An exact repeat is needed of the lines from the one with "LP_Tsuns (0-00-12-05)_jpgm.jpg" through the last line of the data below. Please omit the pictures.

■ STORED DATA ■
######

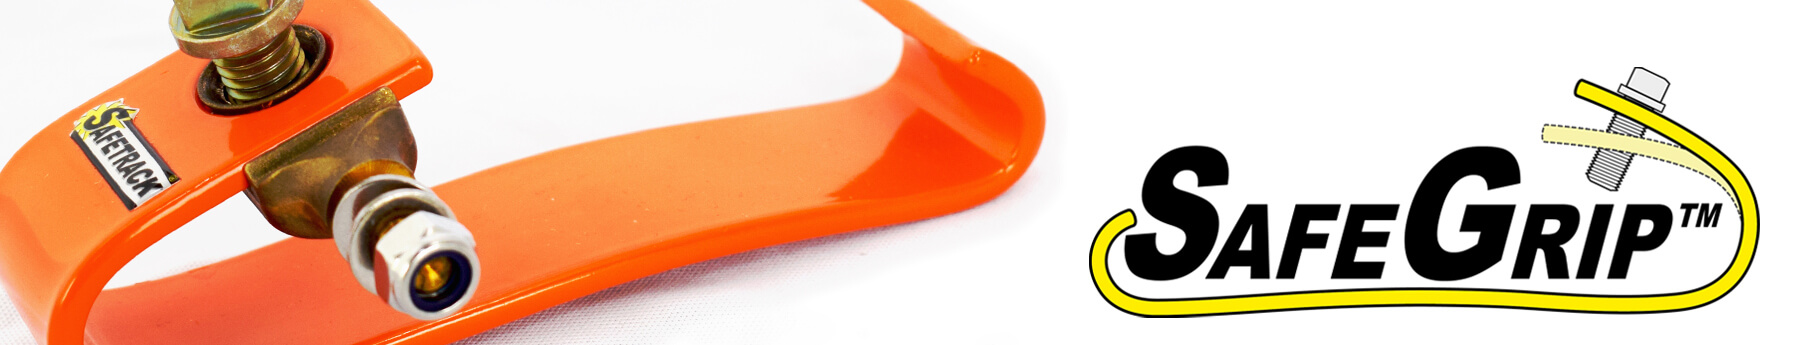 pinb-slide-2
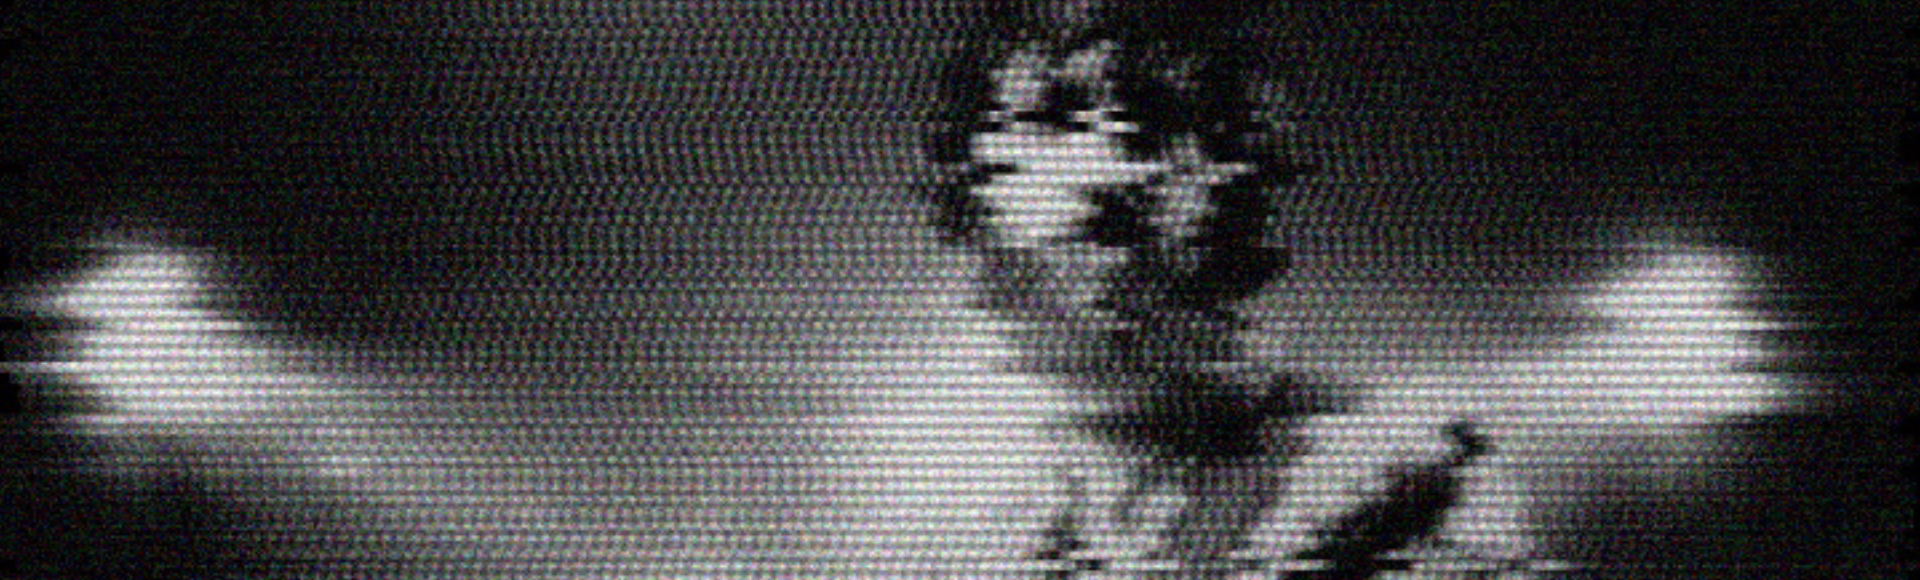 LP_Tsuns (0-00-12-05)_jpgm.jpg
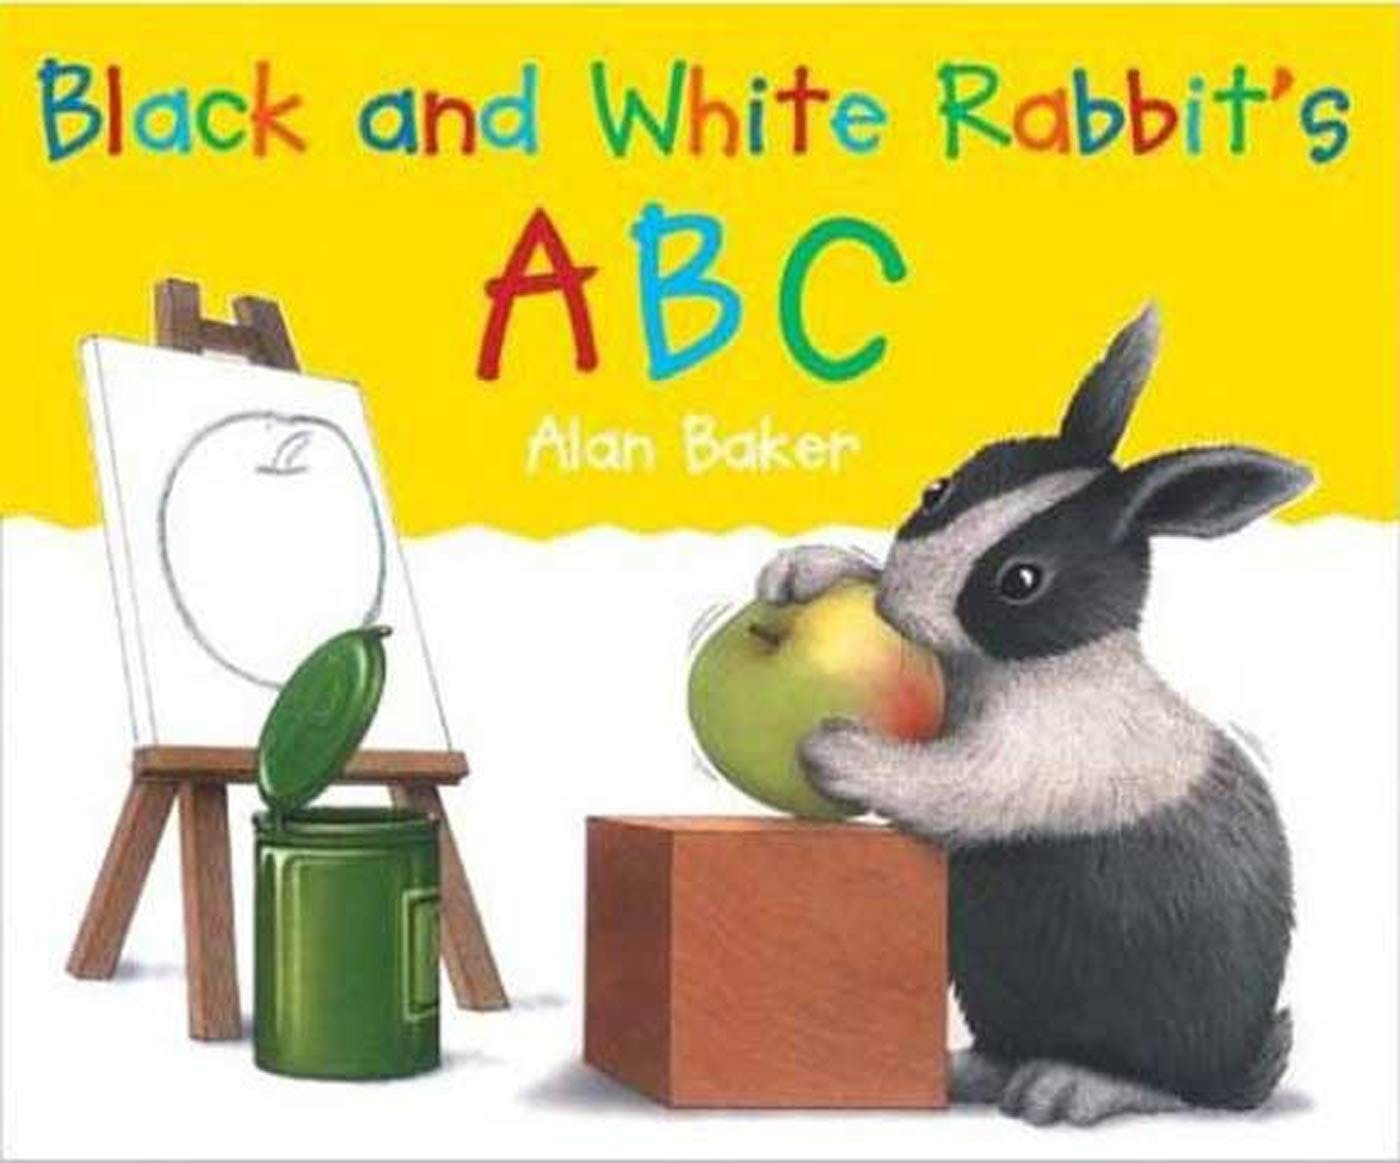 Image of Black and White Rabbit's ABC

######

■ WORKED SOLUTION ■
 LP_Tsuns (0-00-12-05)_jpgm.jpg
 Image of Black and White Rabbit's ABC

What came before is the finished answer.